The whole book was written in short sentences, which was obviously a stylistic choice. For me, it just ruined the flow. It made the book stilted. Stop. Start. Stop. Start. I found it exhausting. I'd read three pages, and it felt like I had read thirty.
Also, some parts of the book didn't sit right with me. He cheated on his girlfriend, then was shocked and refused to accept it, when they broke up and she wanted nothing to do with him.
He wasn't the victim in that situation, but the book largely focused on how rubbish it made him feel. I get it, heartbreak is horrible, but when you cheat, that is conscious choice, no matter how drunk, high, or fucked up your mental health is. I tried but struggled to empathise with him on that.
However, it's an important book, and it is worth a read if you can get past the writing style. I admire his raw honesty and vulnerability. He didn’t sugarcoat things, which I respect him for. I also do think he is a talented writer and has a poetic way of describing his world. The last two chapters I noticed had longer sentences, and I enjoyed it a lot more. I just wish he had written the whole book in that way.

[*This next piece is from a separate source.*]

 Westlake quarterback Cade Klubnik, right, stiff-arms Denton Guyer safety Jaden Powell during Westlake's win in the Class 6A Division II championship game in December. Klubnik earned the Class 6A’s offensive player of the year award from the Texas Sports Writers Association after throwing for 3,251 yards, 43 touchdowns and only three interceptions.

The allure of solipsism, hedonism and mindless stoicism has ensnared many a man. Just one more bump, they murmur, papering over the cracks of a hurt they feel but haven't even attempted to yet understand. Stephens nails the modern male psyche of one who's trying to do the right thing, but can't get there. One full of good intention but little depth, where revelry and humour stem the flow of genuine feeling.
From the first page you clamber straight into Stephens' mind. You move around his head like a pinball, fizzing from side to side between his perceptive yet erratic thoughts. There's energy and vulnerability and his musical prose follows a staccato rhythm that echoes the pulse of emotion on every page.
Its a bit rough around the edges but that's the point! So is he! So are we! But...he gets it, or at least he's trying to. And so should we.
I think I needed this book earlier. But I’m glad I’ve read it now.
The first book I have devoured in a while. Simply hooked reading morning and evening. This book is so beautifully written and raw it has moved me. Jordan’s honesty, self-reflection, and self awareness are both unique and refreshing. Like reading a journal- thoughts laid bare for all to see. What an experience! This book will stay with me for a while.
A truly honest and powerful read. Took me a little while to get used to the writing style, but the second half of the book completely gripped me. Lots of food for thought!
Ah I loved every second of this - real and raw and honest and guttural. I wish men speaking this candidly about their feelings was the norm, and I think this will change how brave a few people feel to do so.